Greenhouse designs emphasize green ideals
The Big Green Greenhouse Design Competition involved designing a net-zero energy, water and waste greenhouse. The 3,000-square-foot greenhouse design also couldn't contain toxic materials, had to include public meeting space and needed to enhance and extend the growing season in the north Puget Sound region.
The competition rules were based on the Living Building Challenge, a green building certification program created by the International Living Future Institute.
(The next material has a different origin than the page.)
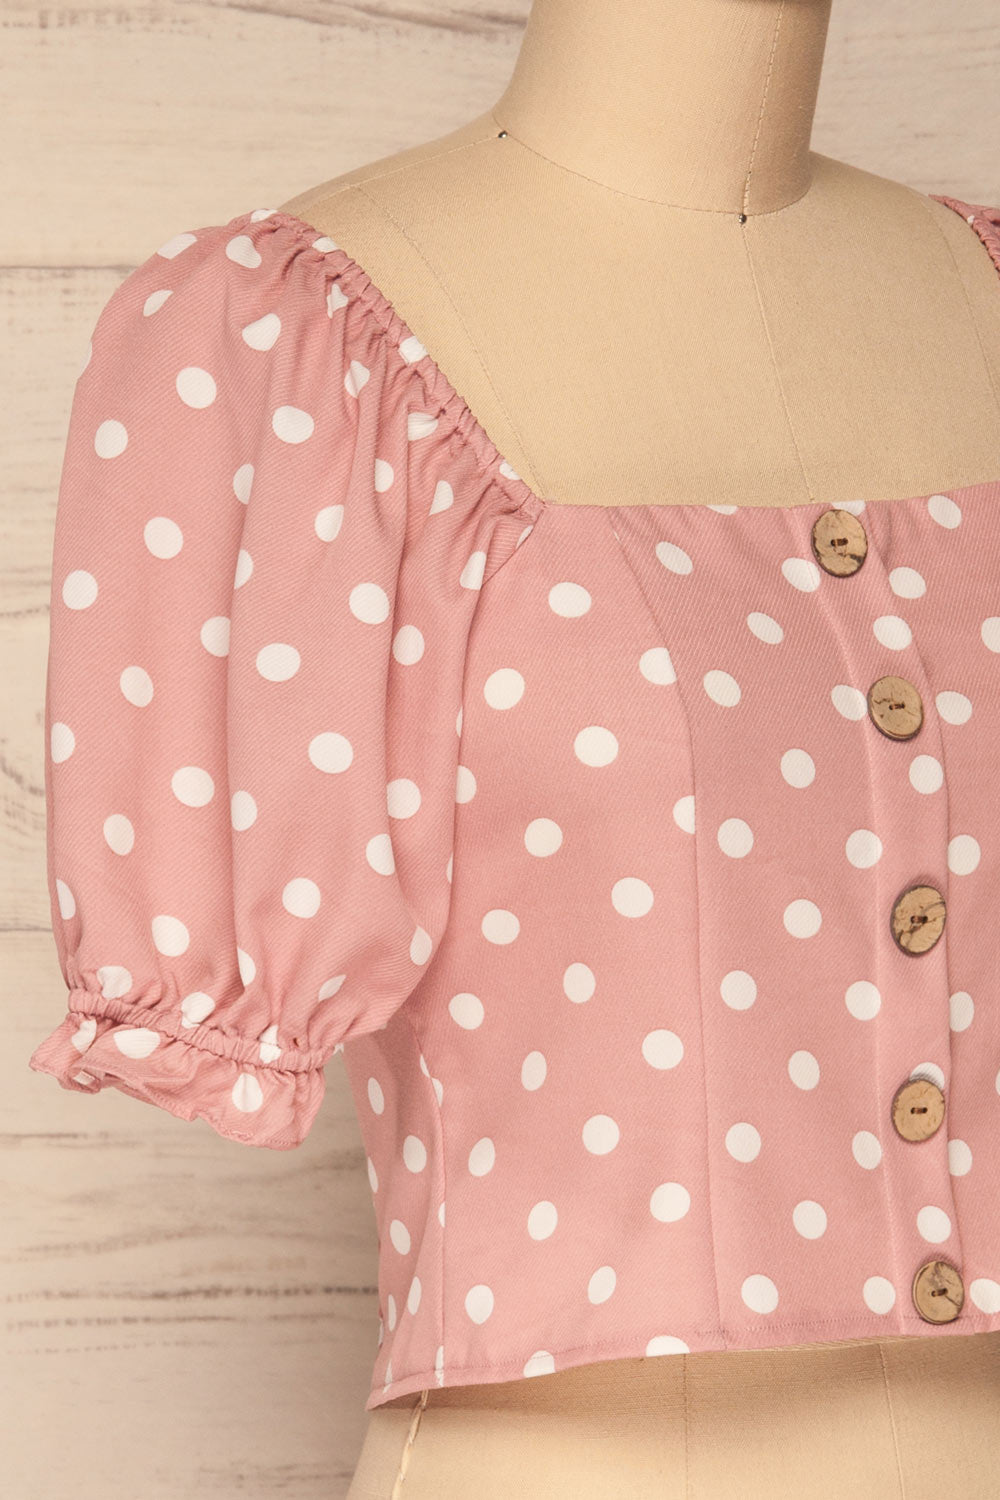 Fallasen Pink & White Polkadot Crop Top | La Petite Garçonne side close up

Living buildings must also be located on previously developed sites, such as brownfields, where reuse is complicated by soil contaminants.
"It's a real challenge," said Fawn Clark, a spokeswoman for the SnoLeaf Branch Collaborative. "All of the winning designs come from the United States and that says a lot because we did have some phenomenal designs from outside of the country."
The competition began in November and ended on March 31. The top three winning designs were selected by a panel of six jurors and announced on May 15 at The International Living Future un-Conference in Seattle.
The first place design, The Looper, was submitted by a team of 11 people from RTKL Associates in Washington, D.C. The Looper repurposes a river barge into a greenhouse that collects, uses, filters and returns water to a river system to grow plants and fish.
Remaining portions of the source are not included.